Le Crozonnais abordé et coulé à Brest

une mésaventure du patron Corentin Billan, du Fret

racontée par la Dépêche de Brest

 

 

Dépêche de Brest, le 15/02/1936

 

 

Le Crozonnais 1 , petit sloop muni d'un moteur de 20 chevaux, fait le service de Brest au Fret, pour le transport de diverses marchandises.

Amarré, avant-hier, au 3e bassin, après avoir effectué un chargement de 35 tonnes environ, consistant en 14 fûts de vin, sacs de farine, épicerie, charbon et bidons d'essence, il se mettait en route pour le Fret à 18 heures, sans avoir allumé ses feux de position.

Il venait de franchir la passe, au bout du quai de la Santé, et se trouvait à 300 mètres au sud-sud-ouest du feu sud de la passe ouest du port de commerce quand le patron et propriétaire du sloop, M. Corentin Billan, 48 ans, et ses deux matelots, MM. François Mével, 39 ans, et Jean Derrien, 36 ans, virent venir droit sur eux un petit vapeur.

Le patron manœuvra pour tenter de s'écarter de sa route.
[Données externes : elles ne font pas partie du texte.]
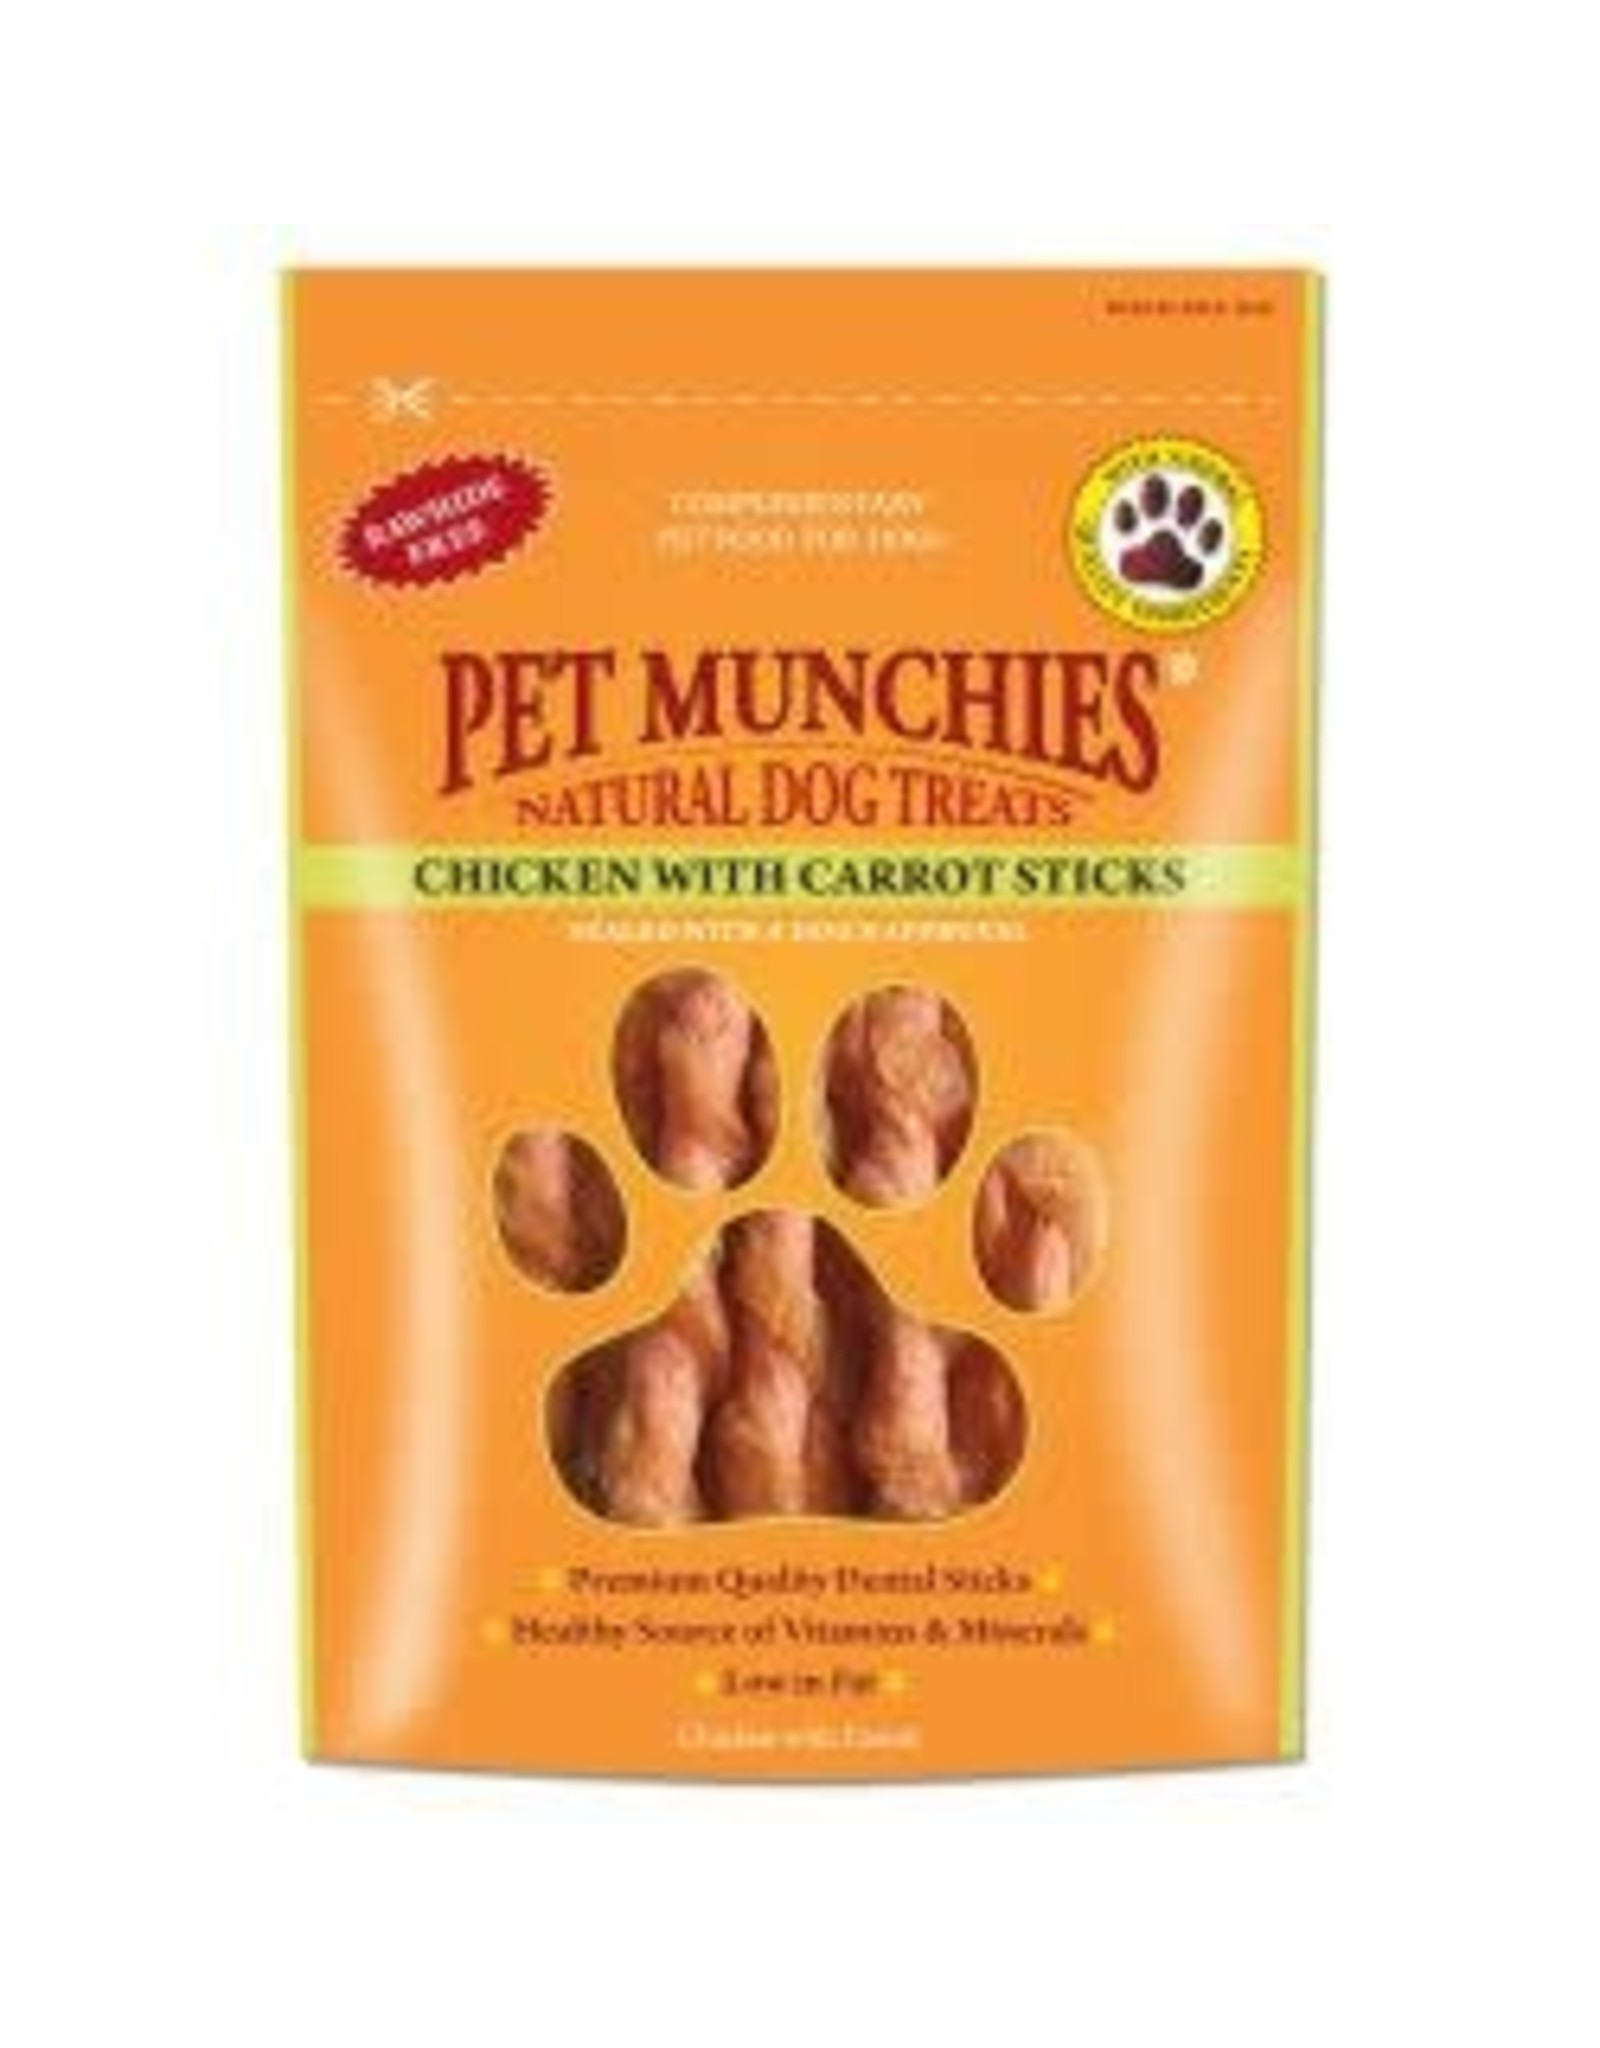 Pet Munchies Pet Munchies Chicken With Carrot Sticks 80g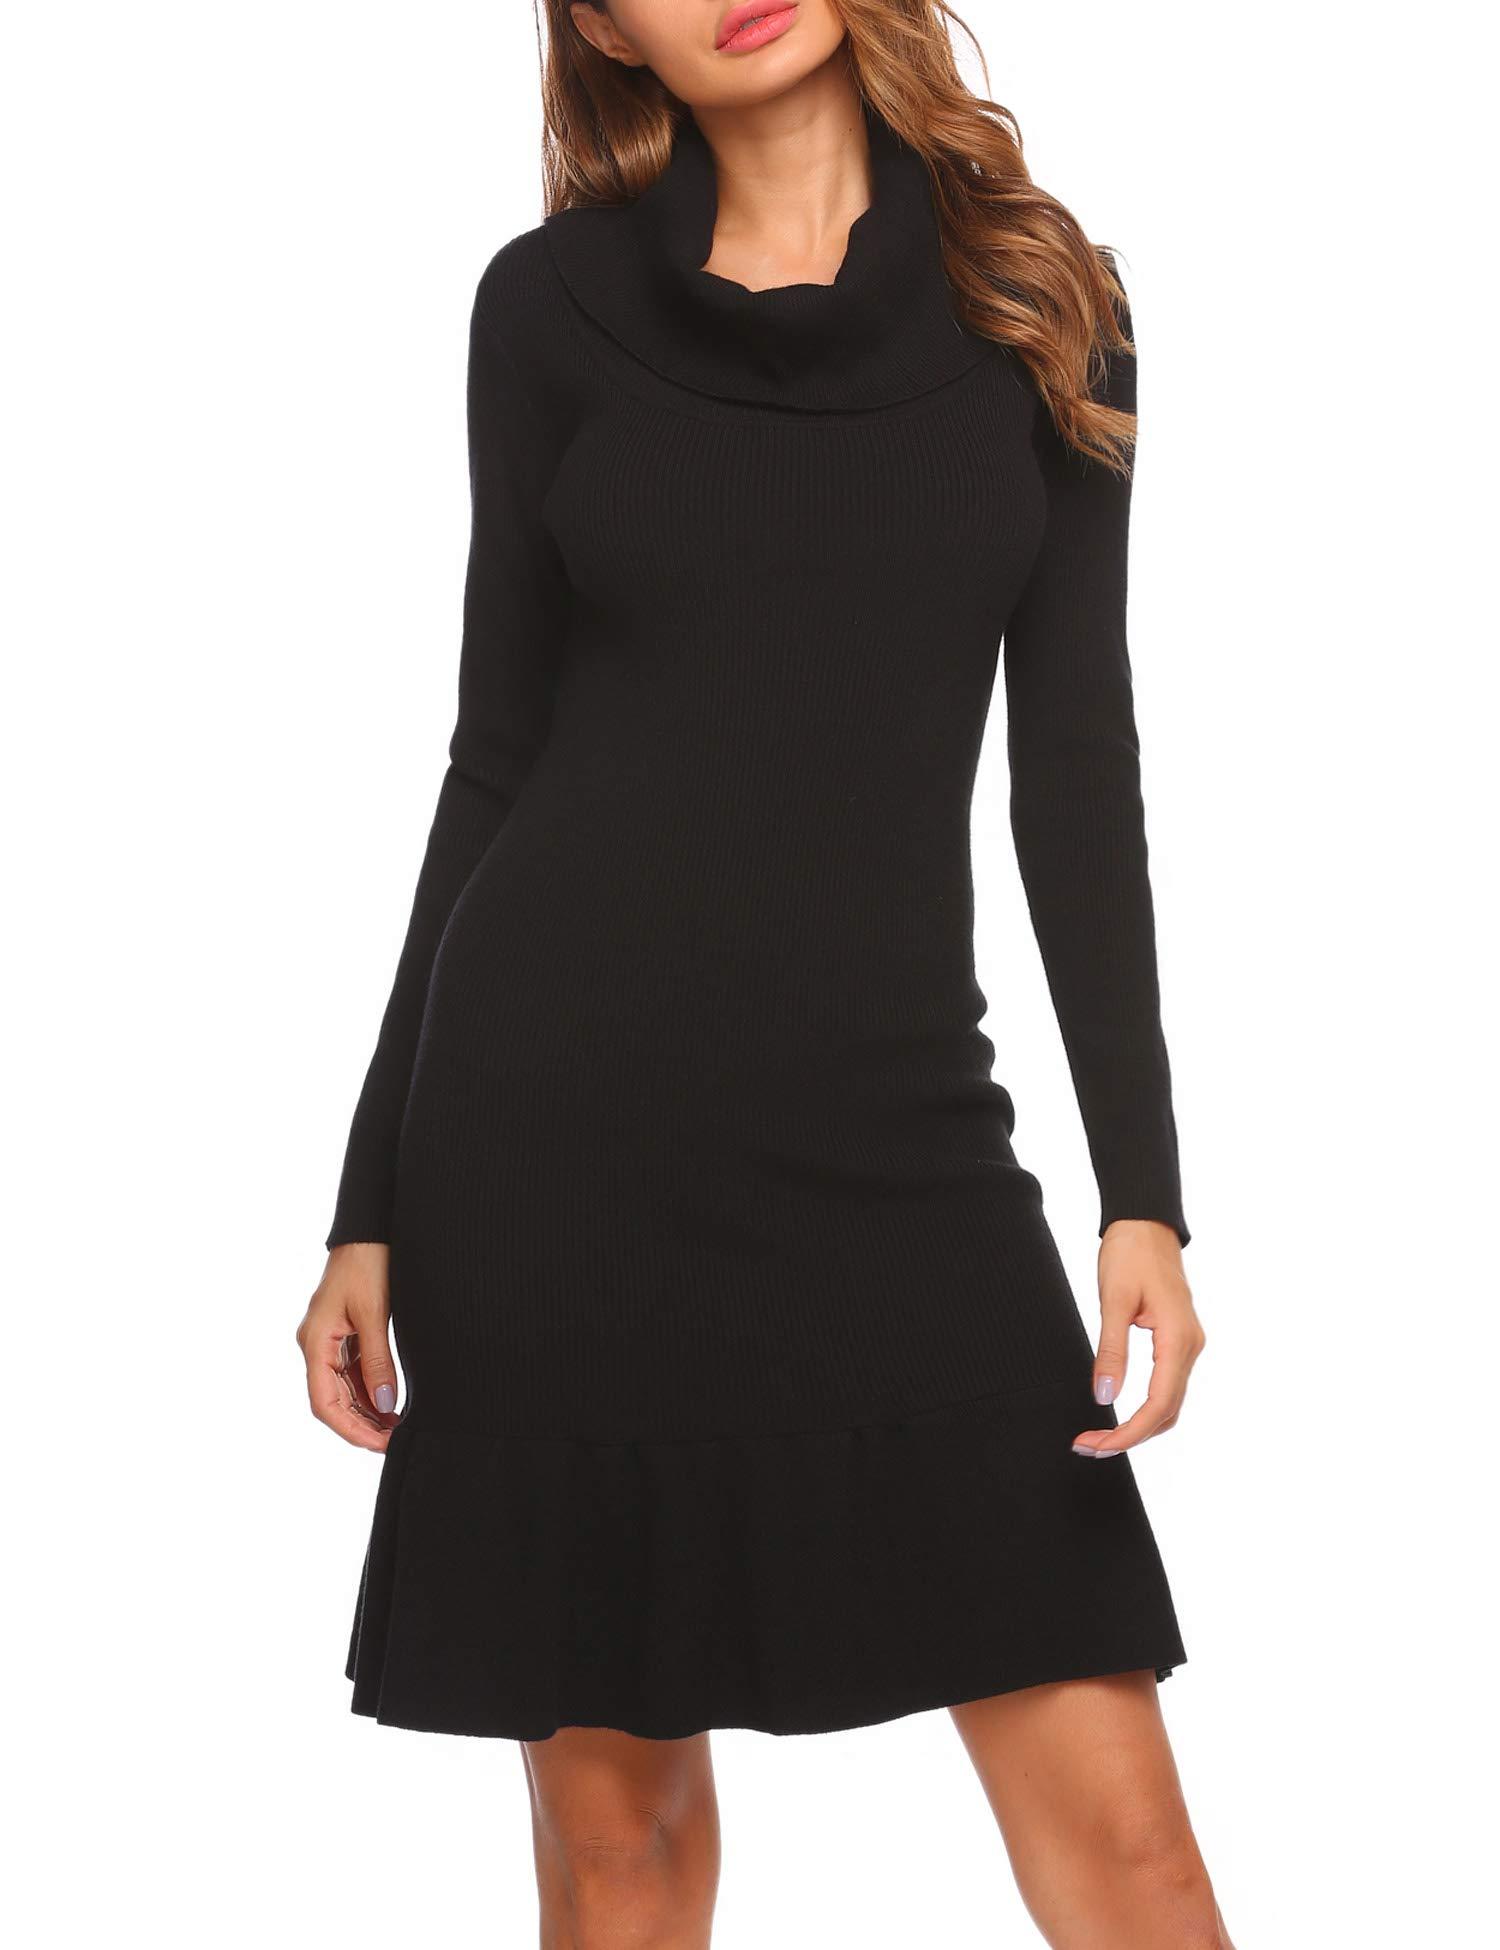 Zeagoo Basic Sweater Dress Women's Long Sleeve Turtleneck Ribbed Elbow Warm Knit Sweater Dress Black XX-Large

François Mével cria : « Attention ! Ecartez-vous ! Faites machine en arrière ! »

Mais, du vapeur, le Fromveur, patron Le Guen, ses appels ne furent pas entendus. L'abordage était maintenant inévitable. Avec un grand fracas, l'avant du Fromveur pénétra dans le flanc du Crozonnais par tribord arrière, où les trois hommes, qui avaient eu le temps de se rendre compte de ce qui allait arriver, s'étaient écartés précipitamment.

Grâce au sang-froid du matelot François Mével, tous trois purent se sauver rapidement.

Dès que je vis que le Fromveur ne pouvait plus nous éviter — racontait, hier, avec calme, Mével — je sortis mon couteau de ma poche, l'ouvris et me tins prêt à couper la bosse du canot que nous traînions en remorque. Nous eûmes juste le temps de sauter tous trois dans l'embarcation.

« Il était temps. Le Fromveur avait fait machine en arrière. Il avait pu dégager son avant, profondément entré dans le flanc de notre infortuné bateau. L'eau s'engouffra dans la brèche ainsi ouverte et le malheureux Crozonnais coula en quelques secondes.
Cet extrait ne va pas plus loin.